Gotta move through a crowd? Oh no…I’m too fat to fit.
Awesometastic picture of me in the middle of a crowd running my first 5k:
The Color Run!
Gotta fit into one of those desk-attached-to-chair setups in college? Crap…what if I don’t fit?
Want to ride on a ride at that theme park? Oh man…the attendant has to buckle me in? He’s going to see I’m fat! What if he can’t close it?
Why yes I AM on the kiddie swings with my fiance! I’ll never grow up!
Want to order dessert at a restaurant? Everyone is probably thinking how I’d be thinner if I didn’t eat this stuff!
I didn’t realize until only a few months ago that my weight had nothing to do with it.
With what? you might ask…
With my value as a person
With my fears
With my being good enough
With whether or not it was acceptable for me to do things
With whether or not I can succeed
(Crossing the finish line at my first 5k: the Color Run!)
But, strangest of all…
Weight has almost nothing to do with my weight loss journey.
In fact, the only part that my weight has played in my weight loss journey has been the part of something measurable that has changed as more important and permanent changes were being made. It’s almost like the height of a child; it changes as the child (hopefully) matures and grows. My weight changes as my mentality, relationship with food, and lifestyle change.

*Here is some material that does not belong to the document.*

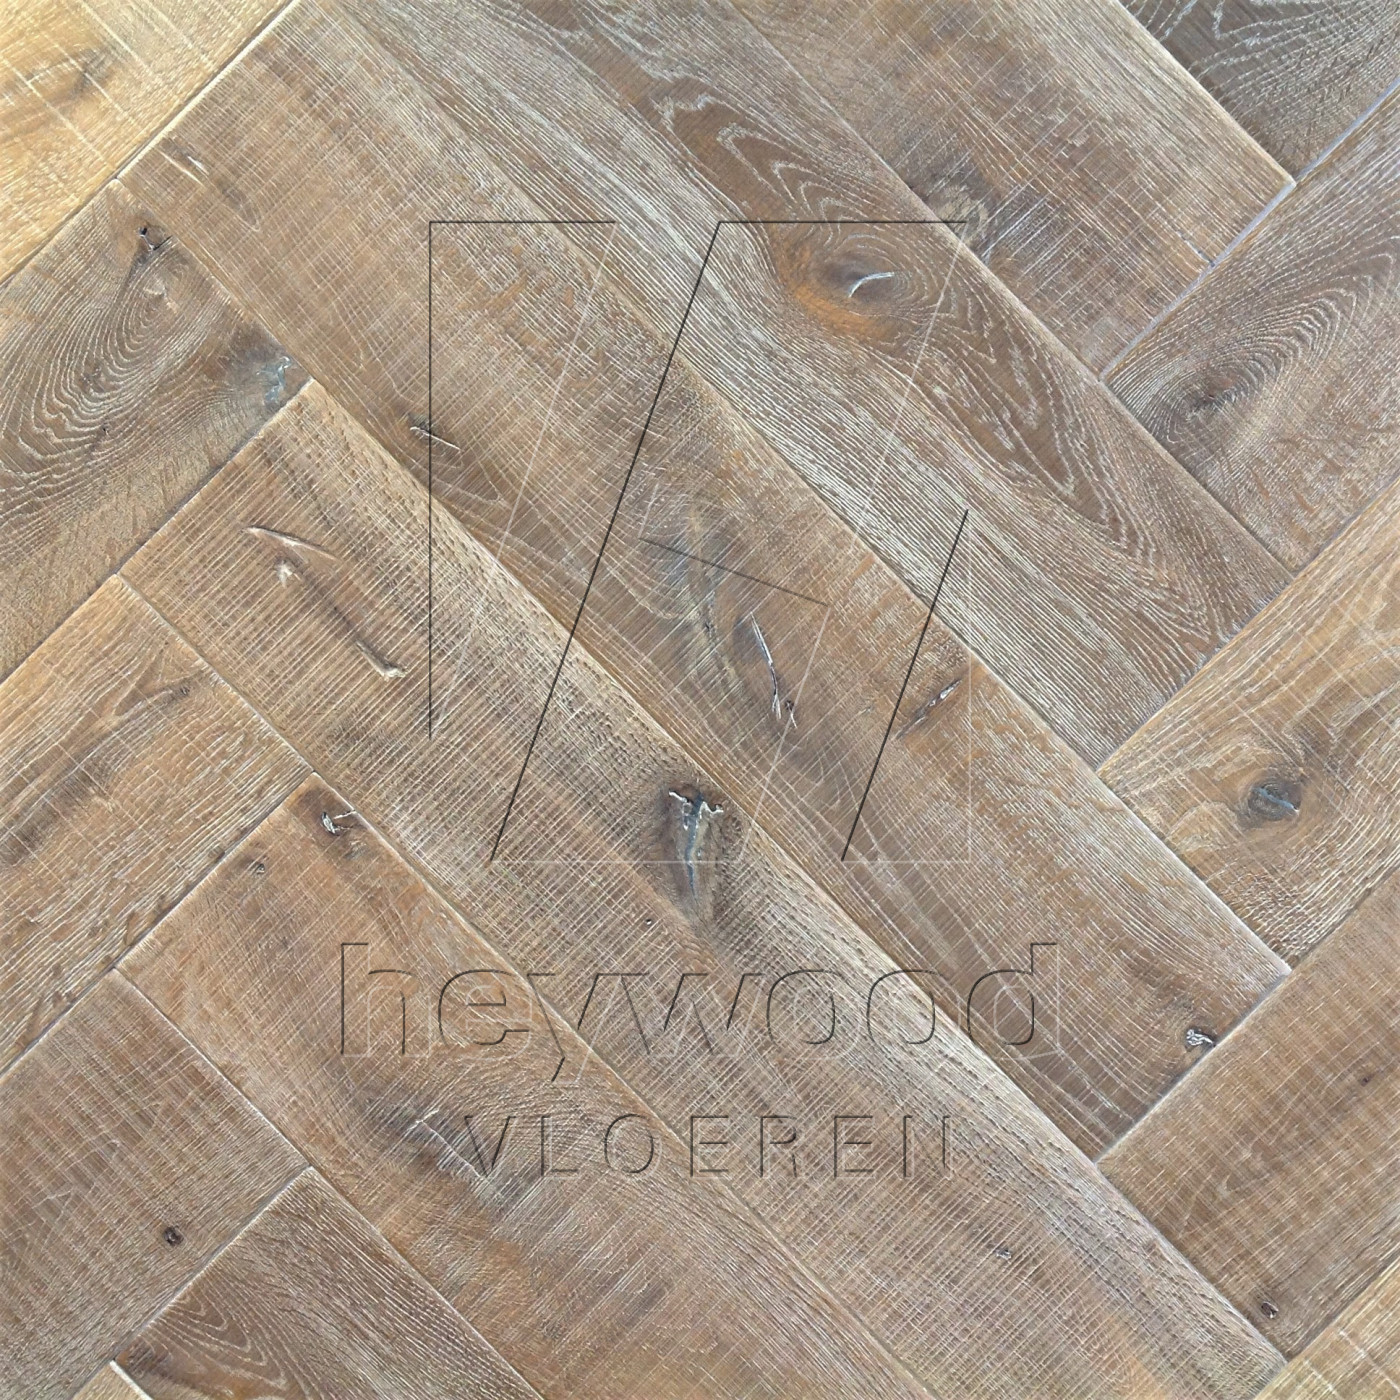 Knotting Hill Herringbone 'Gotland' in Herringbone of Pattern & Panel Floors

Now, it hasn’t always been this way. In fact, for most of my life, my weight has been the focus. Certainly, it has been the focus of every weight loss attempt I’ve tried before. I don’t know when I realized that this journey was different, but I do distinctly remember the first time that I tried to really remember exactly how I felt and saw things before joining Weight Watchers, and I couldn’t do it. My mentality has actually changed so dramatically that I can’t remember how I used to feel or think.
That was when I knew that I would never go back to how I was before. And I truly believe that if my mind really can’t go that far backwards, my weight won’t go back that far either. Because the change has gone deeper than my weight, and those aspects of myself that have changed are the things that caused me to gain weight in the first place.